О противопастернаковском выступлении в годы студенчества я не ведала. А если бы и случилось узнать, любые резоны разбились бы о скалу молодого ригоризма — Пастернак был чтим высоко и восхищенно. Да и позже трудно понималась роковая ошибка Слуцкого, так смазавшая и надломившая блестящее начало пути. Честолюбивое желание стать в первые ряды чуть вольнее вздохнувшей литературы, вполне законное, но если бы без человеческих жертв… За то, что Слуцкий сам себя казнил, ему простилось. Даже неподкупная Л. К. Чуковская говорила о его раскаянии сочувственно и мягко. Но как по-человечески жаль этой горестной муки, этой пытки совестью…
До 1965 года я Слуцкого не видела, хотя порядком наслышана была от моего будущего мужа Д. Самойлова. Знакомство смахивало то ли на смотрины, то ли на инспекцию личной жизни ближайшего друга. Борису Абрамовичу было известно, что Дезик на пороге ухода из первой семьи и что я жду ребенка. Я стеснялась своей убывающей стройности, мне не хотелось представать в таком виде перед незнакомым мужчиной. Борис Абрамович должен был вникнуть в непростые обстоятельства, его цельной натуре неблизкие. Он был не из тех, кто способен уклониться от товарищеского долга и занять позицию, удобную ему самому. Словом, драматургия встречи складывалась острой и неуютной. Превалировал сухой протокол, не способствовавший мгновенно возникающему теплому и приязненному чувству. Я была довольно ершистая особа, и только почтительность к солидному до важности облику Бориса Абрамовича да то, что Дезик огорчился бы, удерживали от готовой сорваться с языка дерзости в ответ на быстрые короткие вопросы (кто это ставит их так сразу и в лоб?): «Сколько комнат снимали?» («А я — двадцать две»), «Сколько статей написали?» («А я — больше»). По-моему, и ему и мне хотелось одного: поскорее закруглиться и с облегчением расстаться. Когда он ушел, я спросила у Дезика: «Зачем он так?» — «Не обращай внимания, он стеснялся не меньше твоего». Резкий, определенный, прямо-таки бронированный Слуцкий — застенчив? Быть того не может! Однако было.

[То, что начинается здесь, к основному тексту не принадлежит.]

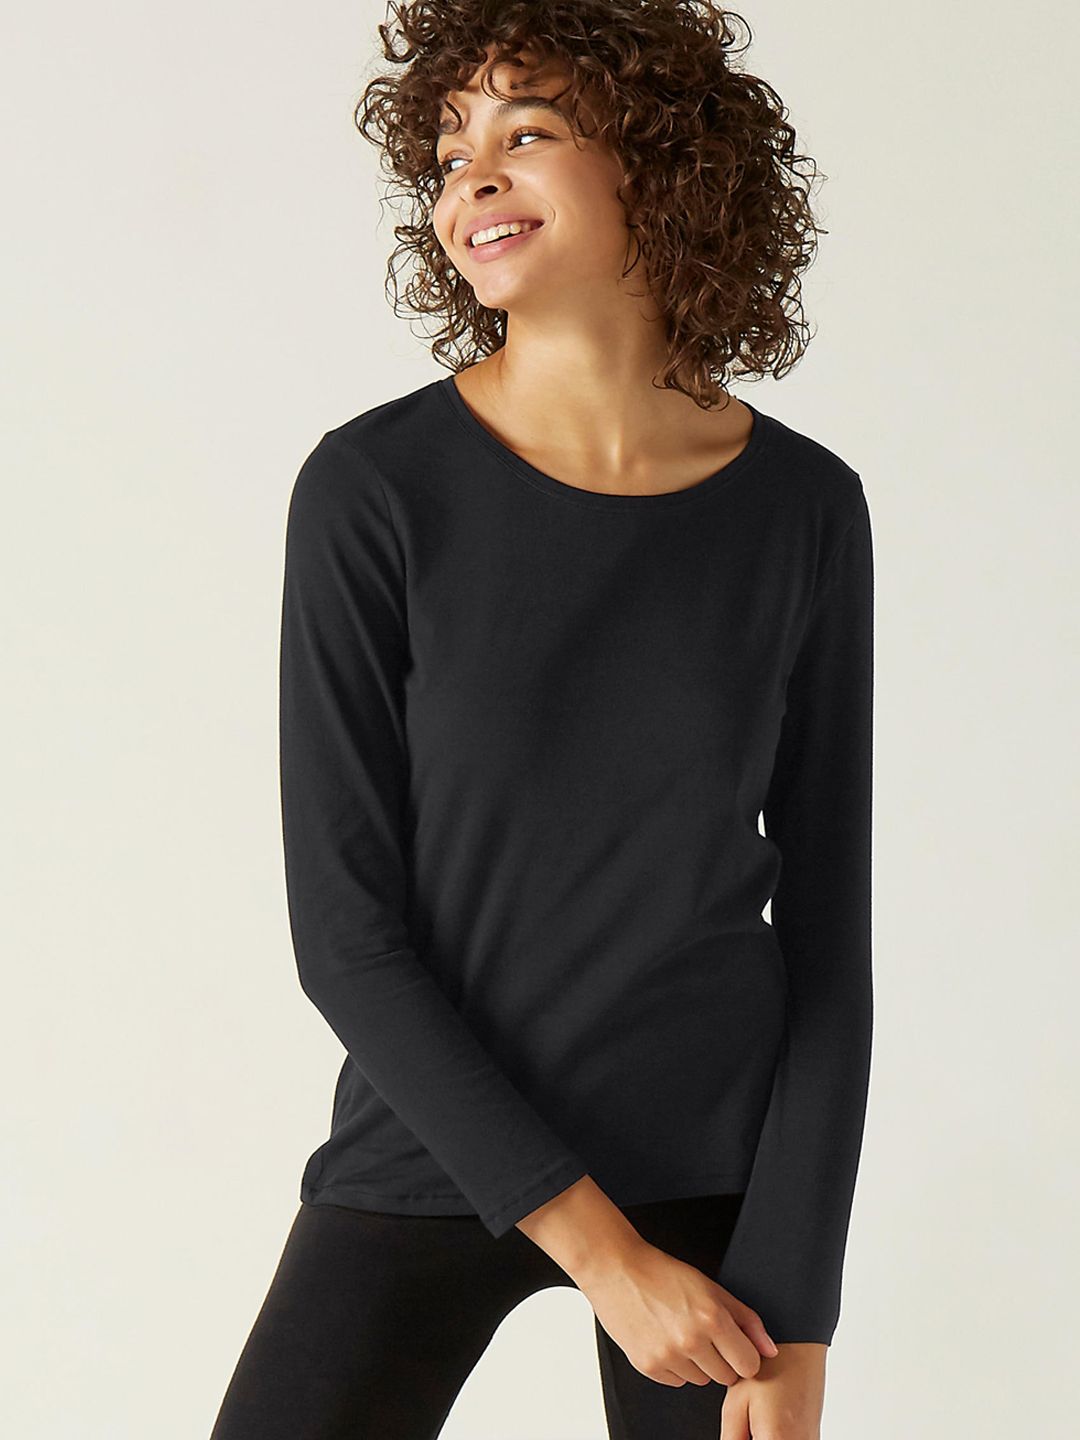 NYAMBA By Decathlon Women Black Solid Round Neck T-shirt Price in India

Потом, при налаженном общении, я и сама ощущала за отшлифованной формой поведения нечто иное, глубинное. Порой как бы помимо воли проглядывала такая голубоглазая нежная беззащитность, какая бывает лишь у детей и у поэтов.
В первую же встречу по небогатому житейскому опыту где мне было отрешиться от элемента заполнения анкеты, бывшего на поверхности. Сейчас-то я слышу ту давнюю пронзительную мелодию тревоги за будущее жизнеустройство друга и его творческую судьбу. И охотно отринула бы глубоко эшелонированную оборону, ибо за внешней суровостью Бориса Абрамовича стоял главный незаданный вопрос: понимаю ли я свою ответственность, становясь женой поэта? Но тогда — нет, ничто не заставило бы отказаться от самолюбивой и робеющей гордыни, уязвленной в готовности уважать и фронтовое поколение в целом, и Слуцкого отдельно.